***** DATA PROVIDED

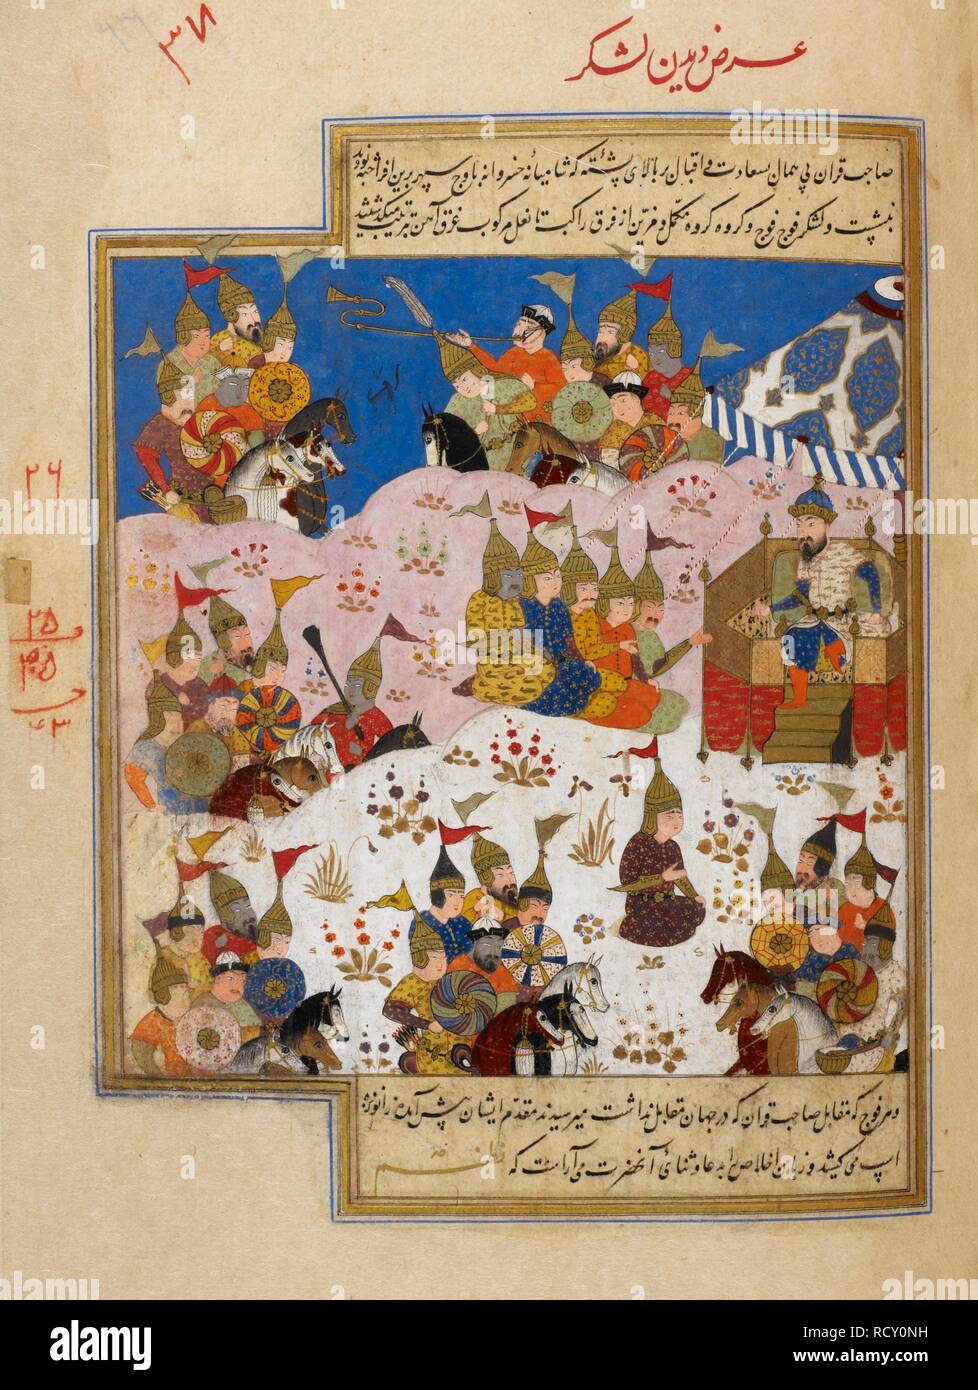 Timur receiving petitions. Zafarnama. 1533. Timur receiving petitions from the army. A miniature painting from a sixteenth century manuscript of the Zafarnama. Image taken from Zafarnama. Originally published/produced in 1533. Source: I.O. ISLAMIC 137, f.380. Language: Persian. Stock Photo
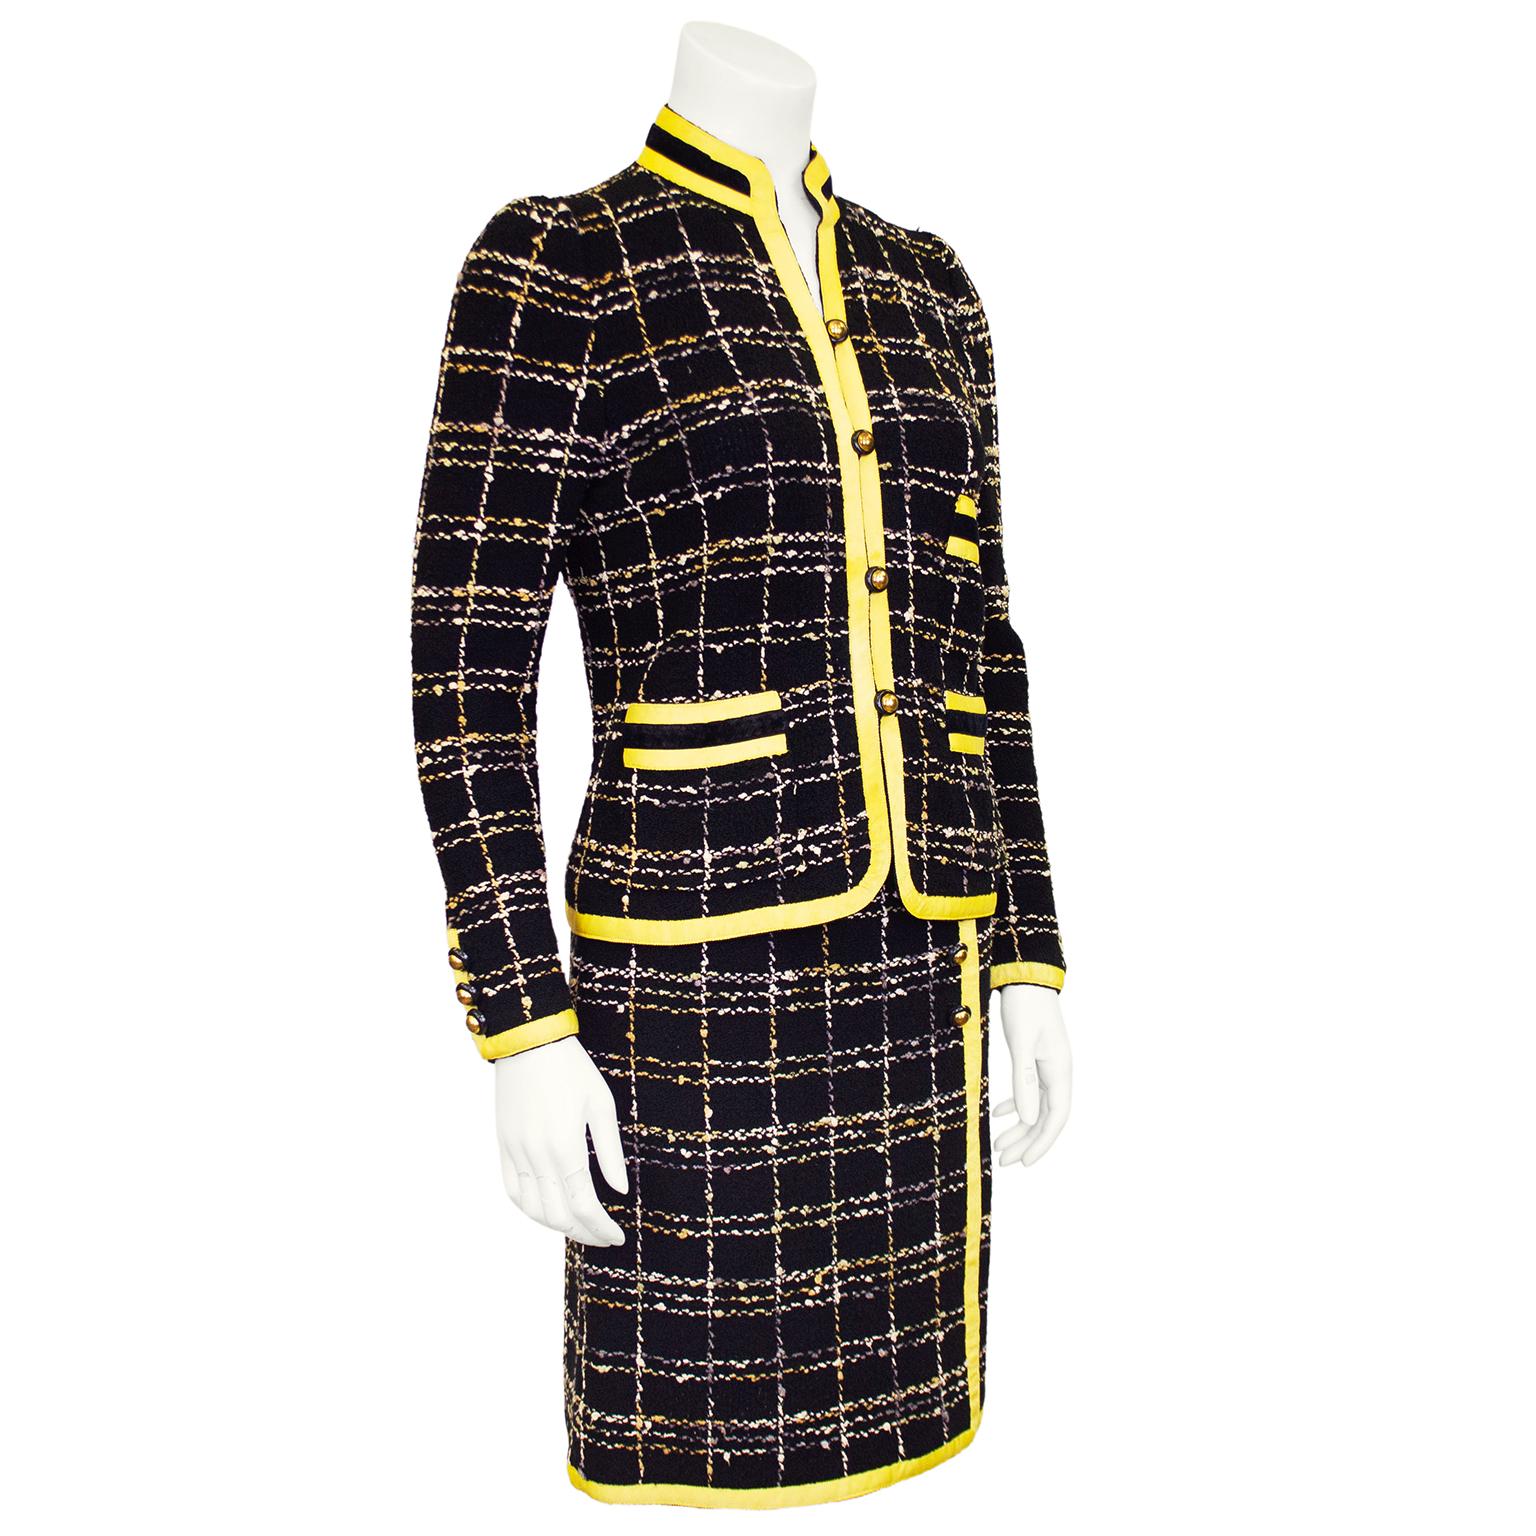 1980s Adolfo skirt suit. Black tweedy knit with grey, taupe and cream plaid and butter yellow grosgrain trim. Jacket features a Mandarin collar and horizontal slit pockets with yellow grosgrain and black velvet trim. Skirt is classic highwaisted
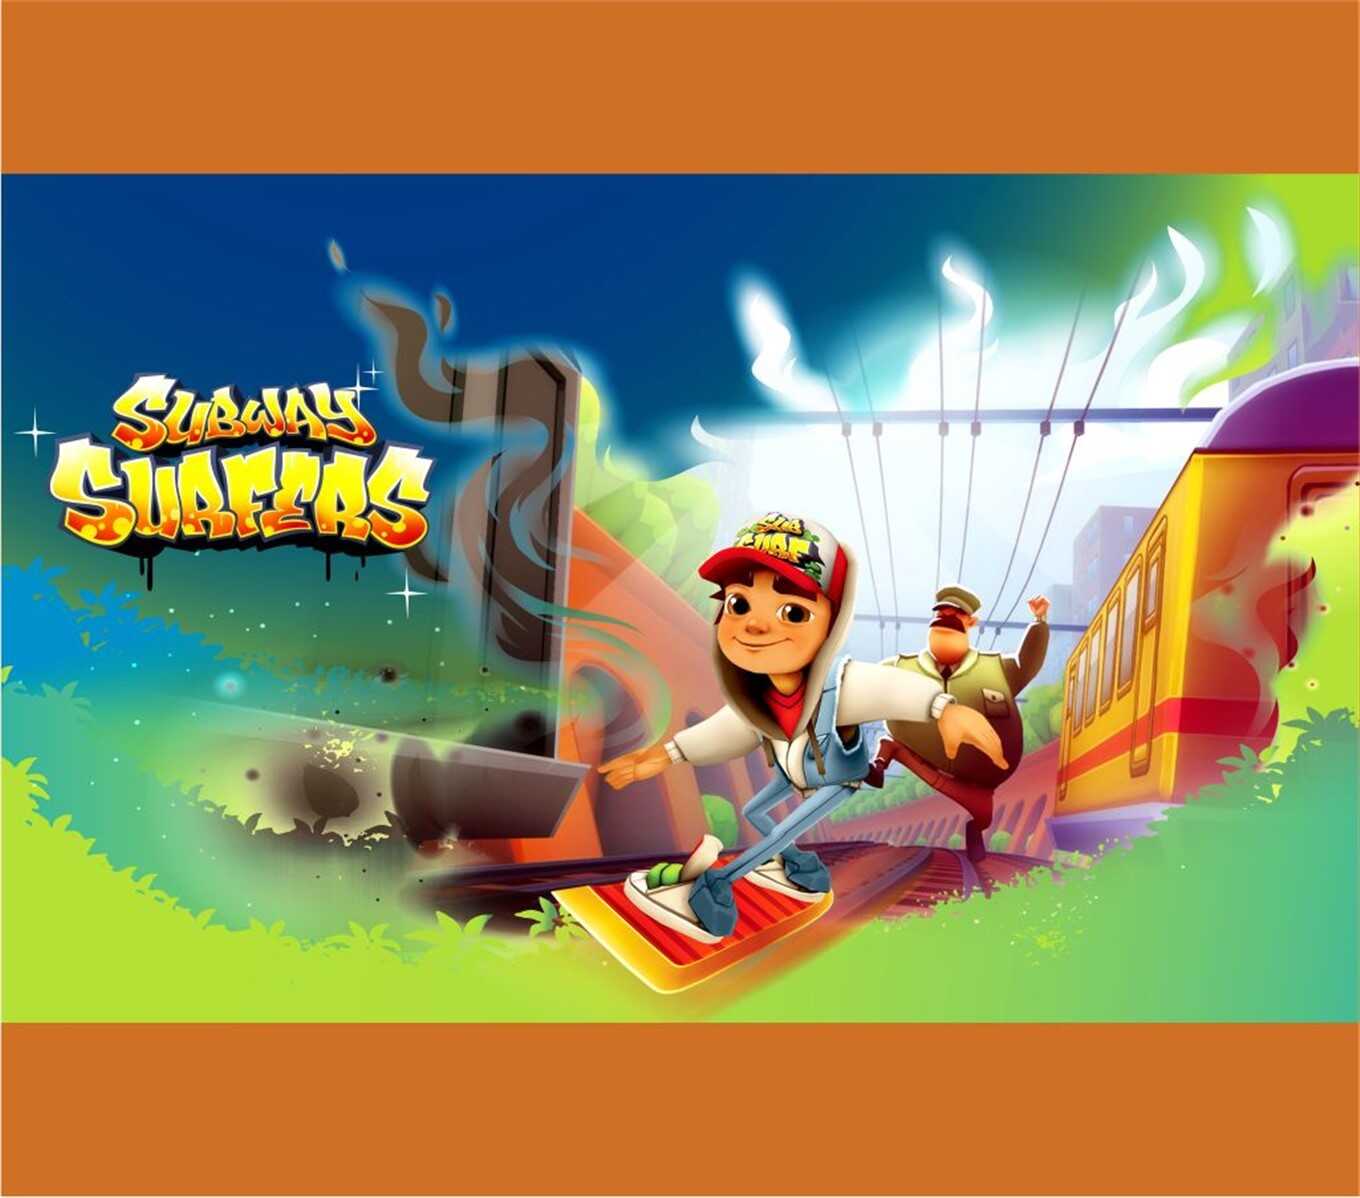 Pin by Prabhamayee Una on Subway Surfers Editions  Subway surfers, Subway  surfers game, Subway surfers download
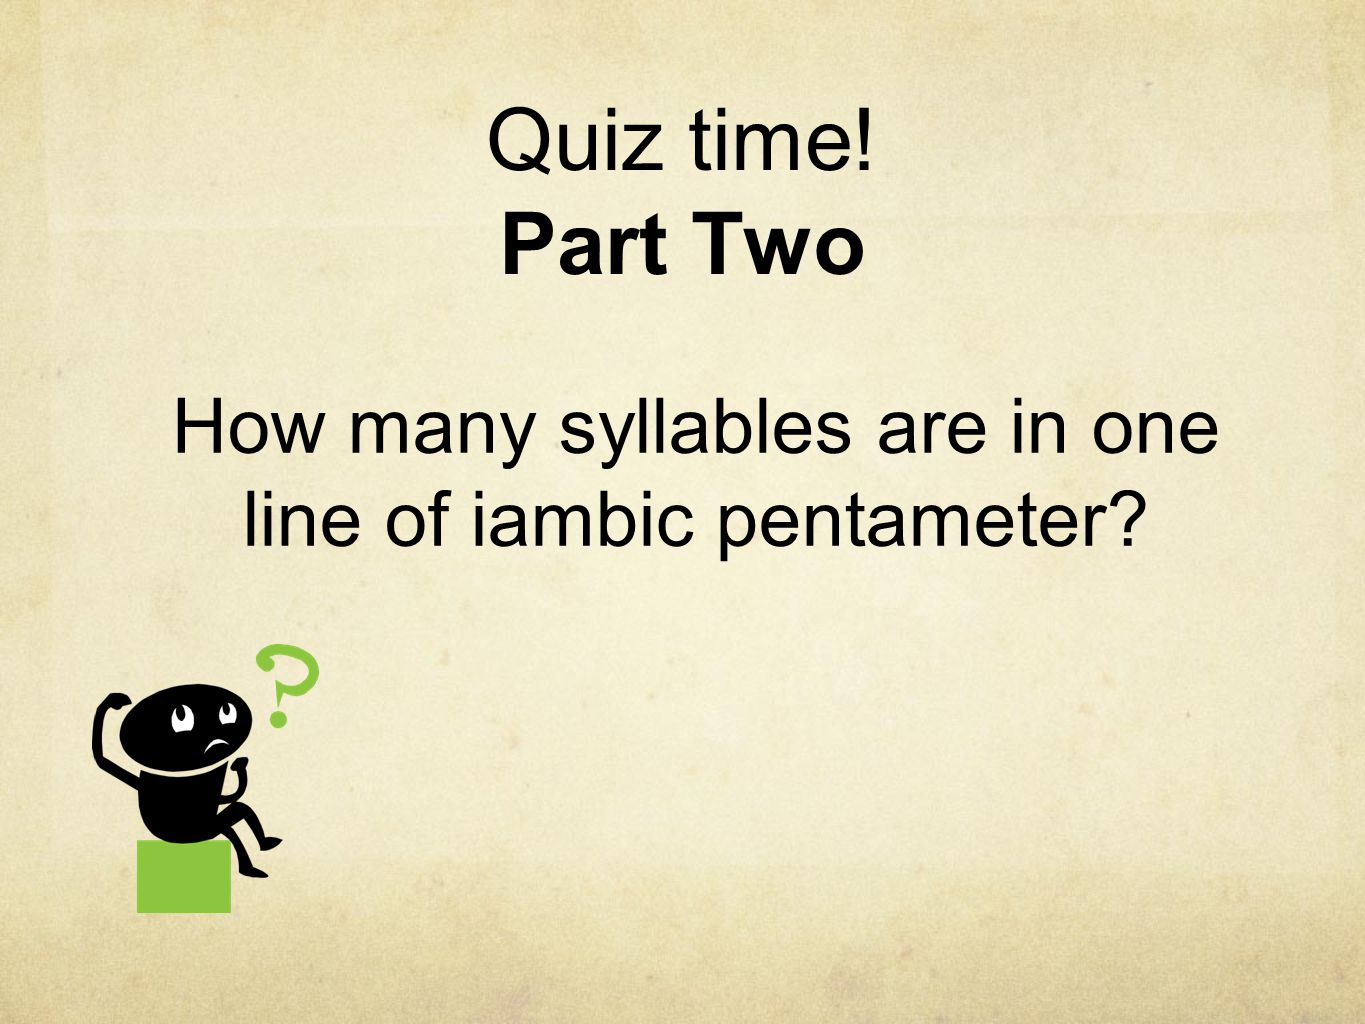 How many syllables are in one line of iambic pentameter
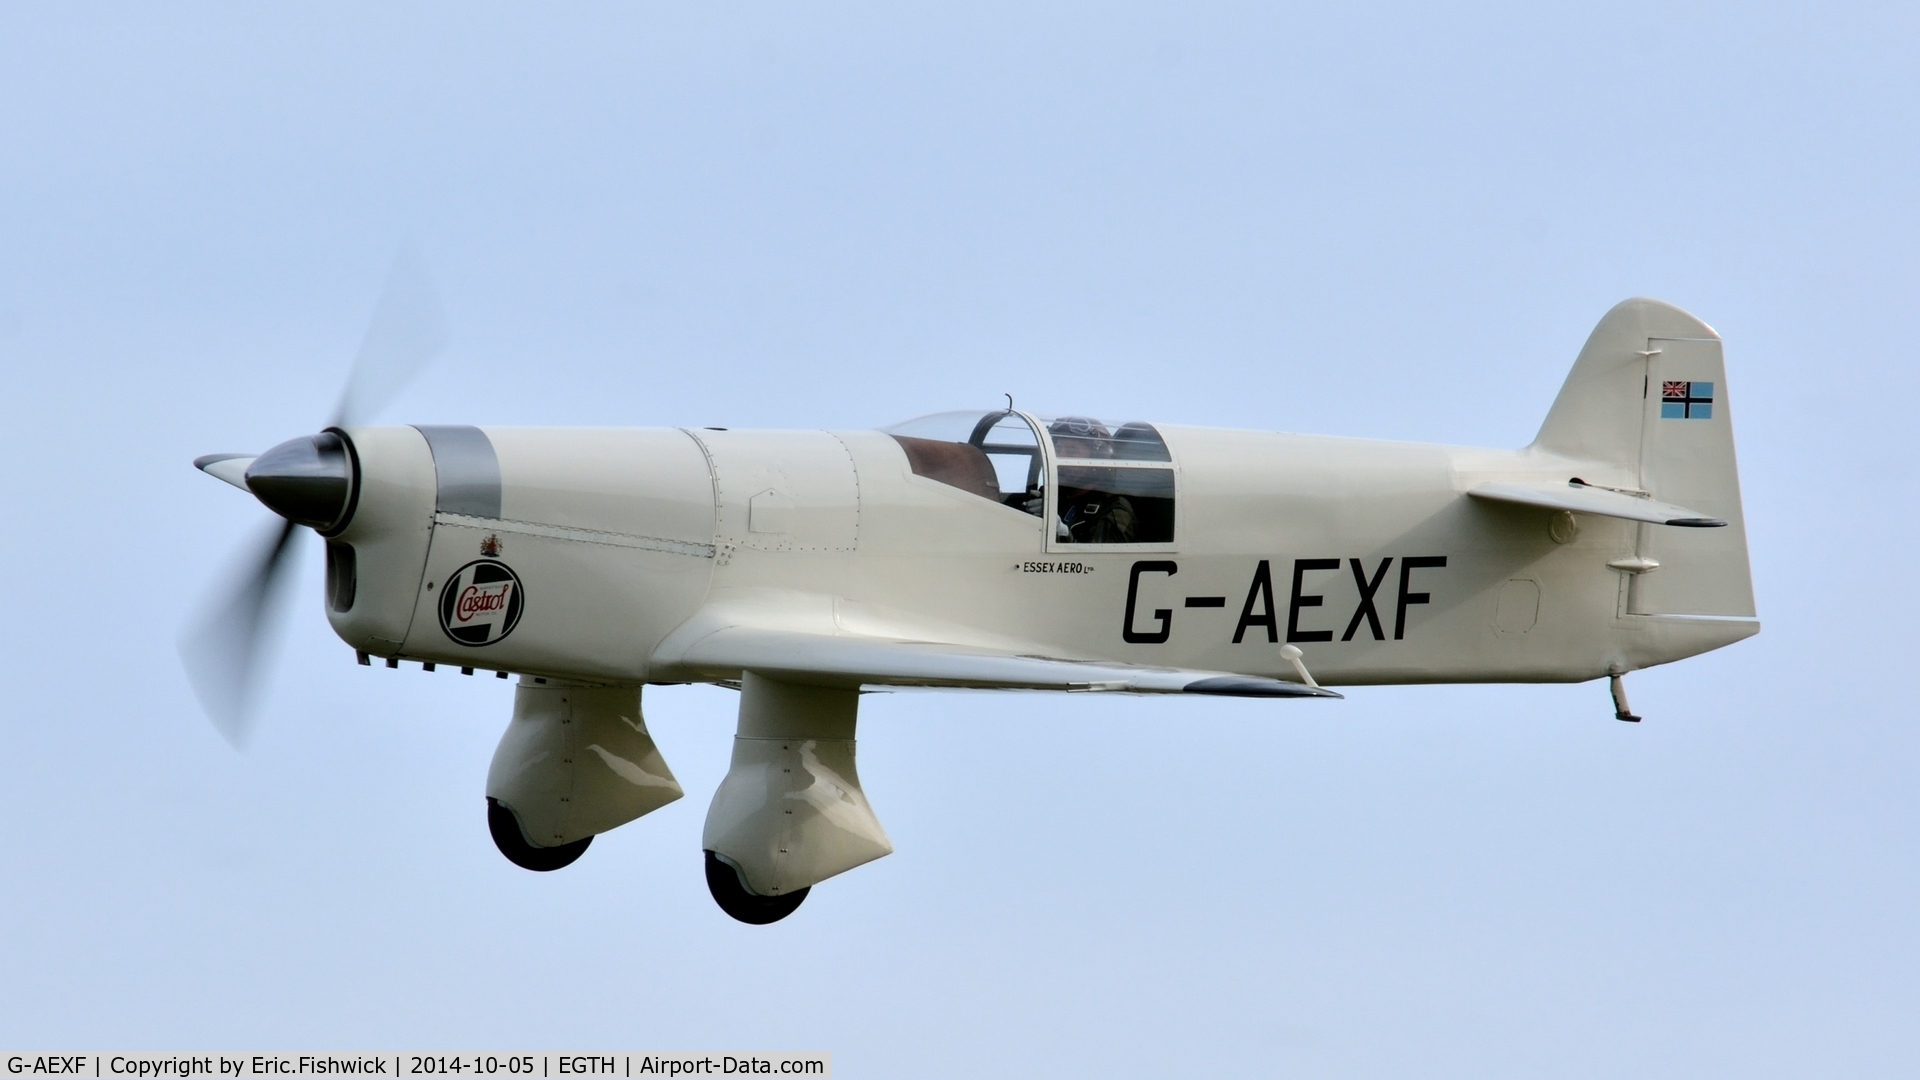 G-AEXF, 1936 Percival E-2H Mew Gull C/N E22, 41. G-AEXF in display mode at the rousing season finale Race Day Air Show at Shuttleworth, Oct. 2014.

**********

## ASSIGNMENT:
Repeat, exactly and in full, each line from the start of the data to the line that contains "1980s Adolfo skirt". Pictures do not go in.

## ANSWER FOR THIS EXERCISE:
 Timur receiving petitions. Zafarnama. 1533. Timur receiving petitions from the army. A miniature painting from a sixteenth century manuscript of the Zafarnama. Image taken from Zafarnama. Originally published/produced in 1533. Source: I.O. ISLAMIC 137, f.380. Language: Persian. Stock Photo
 1980s Adolfo skirt suit. Black tweedy knit with grey, taupe and cream plaid and butter yellow grosgrain trim. Jacket features a Mandarin collar and horizontal slit pockets with yellow grosgrain and black velvet trim. Skirt is classic highwaisted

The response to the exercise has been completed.